The two examples in this series illustrate the poles. The CFO board-packet task is the structured case: one enterprise, known systems, structured approval path, legible stages. A shaping-centered architecture with staged compilation, governed expansion, and callbacks is tractable. The vendor research task (“research vendors, summarize options, and begin outreach where appropriate”) is the containment-primary case: open-ended scope, external content at every step, ambiguous action boundaries, no way to fully enumerate the authority model upfront. Mission shaping still provides a governance record and outer bounds, but the real safety properties come from mediated outreach, short-lived credentials, sandboxed browsing, and explicit release gates before any external communication is sent.
Most real deployments fall somewhere between the two poles. The practical answer for an enterprise finance workflow is: lead with staged Mission shaping for structured phases, often implemented as staged compilation, and surround it with containment controls that keep the blast radius bounded if the semantic model turns out to be wrong.
For open-world tool-using agents with no known execution path in advance, lead with containment and treat Mission shaping more as a governance record than as a safety guarantee.
Both layers still leave a residual problem: an agent can stay within its Mission authority envelope while drifting away from the user’s intent. A runtime layer is needed to detect that drift and act on it before it compounds.

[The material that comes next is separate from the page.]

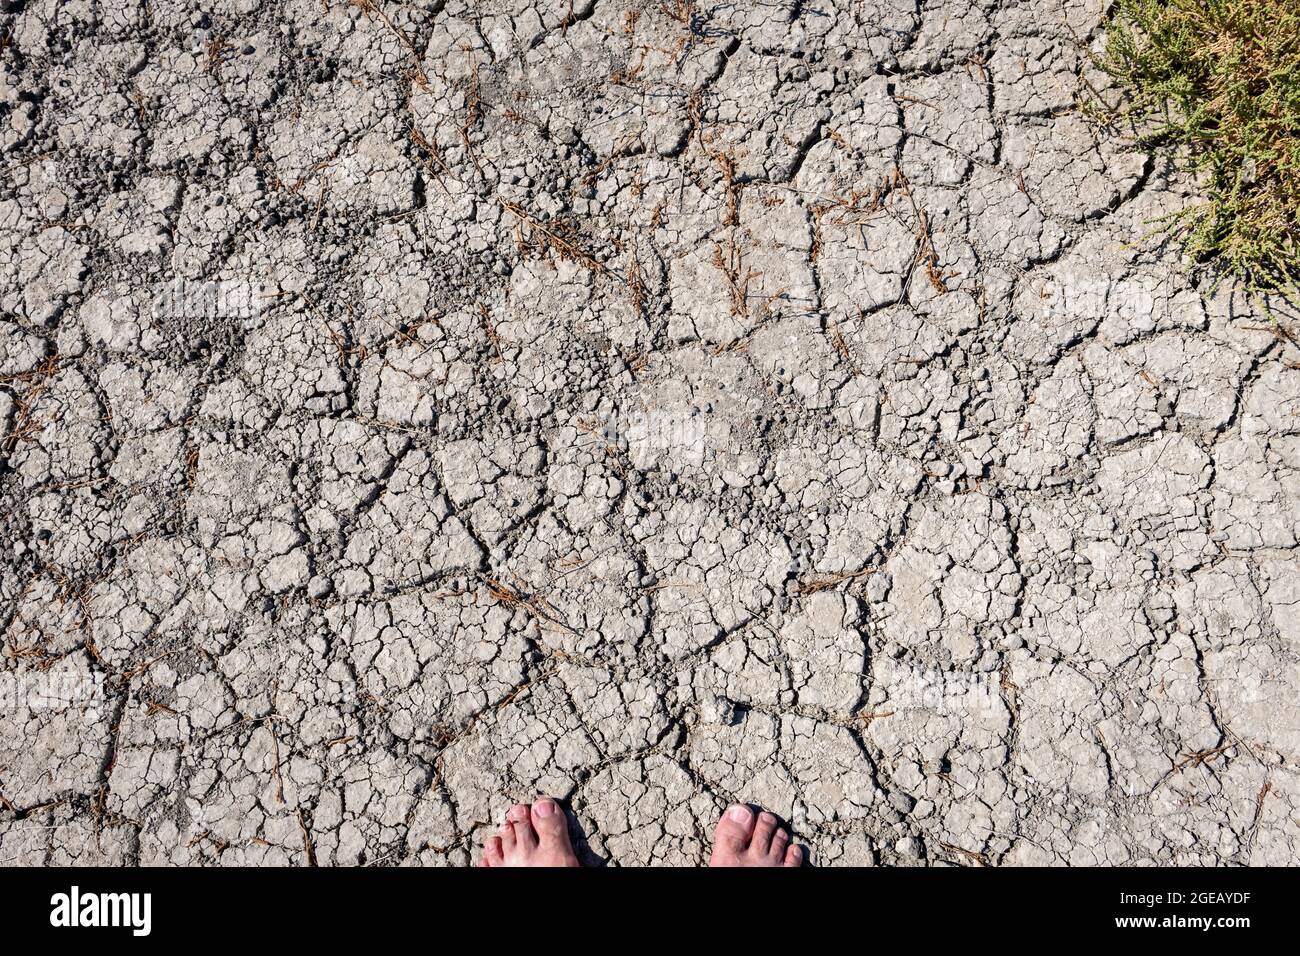 Cracked earth with dying plants. Drought. Climate change. Stock Photo

Runtime Alignment: Trust Scores and Budgets
If Mission shaping defines the declared authority ceiling, runtime trust defines how much residual uncertainty the system is willing to tolerate inside it. What follows is one practical control-plane pattern, not a settled standard. Continuous observability is not governance, but it is the runtime evidence layer that makes behavioral analysis and dynamic intervention possible.
| |
This should be understood as part of the same control plane, not as a second hidden policy engine. The Mission authority artifact remains authoritative for what the Mission permits. The runtime trust layer does not expand authority. It only decides whether the system is still willing to rely on the agent’s local judgment within already-shaped bounds.

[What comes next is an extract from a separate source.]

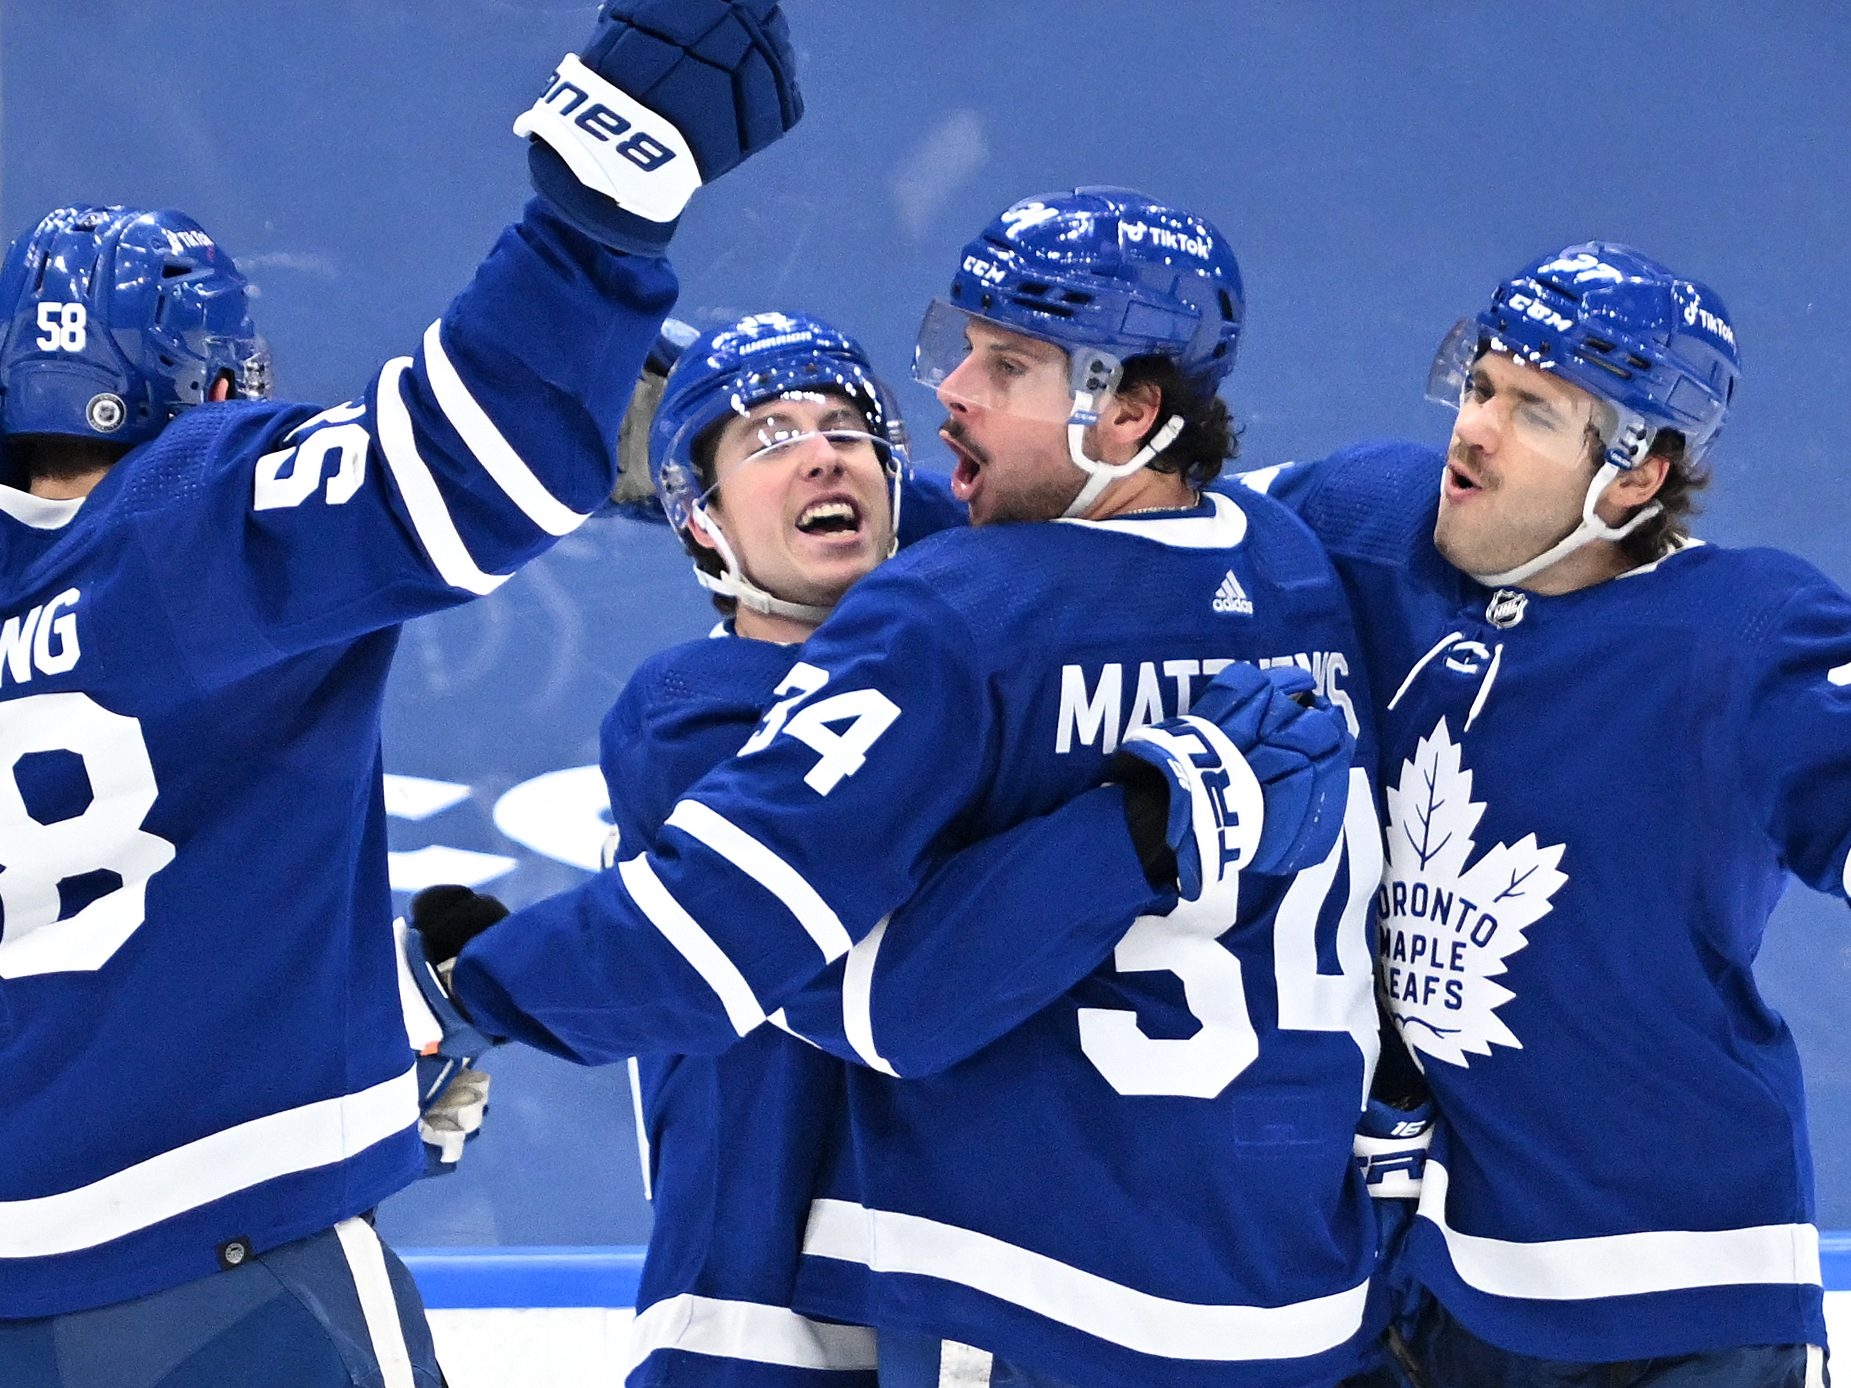 Marner records 4 points as Leafs blow out Devils

Even conceptually, that assumes a lot from the underlying system. To score runtime alignment, the control plane needs structured tool calls, stage context, parent Mission linkage, and normalized provenance about where the action came from. Most enterprises do not have that by default, and the visibility gap varies by agent type. Homegrown agents expose different control surfaces than SaaS agent platforms or local workstation agents, and locally run tools are often the hardest for enterprise controls to observe reliably.
And visibility is not enough. If the agent runtime, orchestration layer, or tool adapter can freely invent the telemetry that the trust layer depends on, the system has recreated self-governance one layer down. Runtime alignment needs integrity as well as visibility. Telemetry must be attributable to a verifiable source, not taken on the agent’s word. SPIFFE/SPIRE workload identity provides one foundation: cryptographic attestation of which runtime component produced a given report. CAEP (Continuous Access Evaluation Protocol) and the Shared Signals Framework provide the transport: a standardized event stream for runtime security events flowing from the components that observe them to the Mission state owner that needs to act on them. Without both integrity and a signal pathway, the runtime alignment layer either trusts what agents report about themselves or polls blindly.
The right model treats residual runtime trust not as binary, but as a continuously scored, consumable resource. The pattern is just-in-time trust applied to Mission lifecycle. The system grants only the minimum authority needed at the moment it is needed and reconfirms rather than assumes continuity across the task’s execution. Recent runtime-governance work, including MI9, converges on a similar point: semantic telemetry, continuous authorization monitoring, drift detection, and graduated containment become necessary once agent behavior cannot be fully governed at approval time.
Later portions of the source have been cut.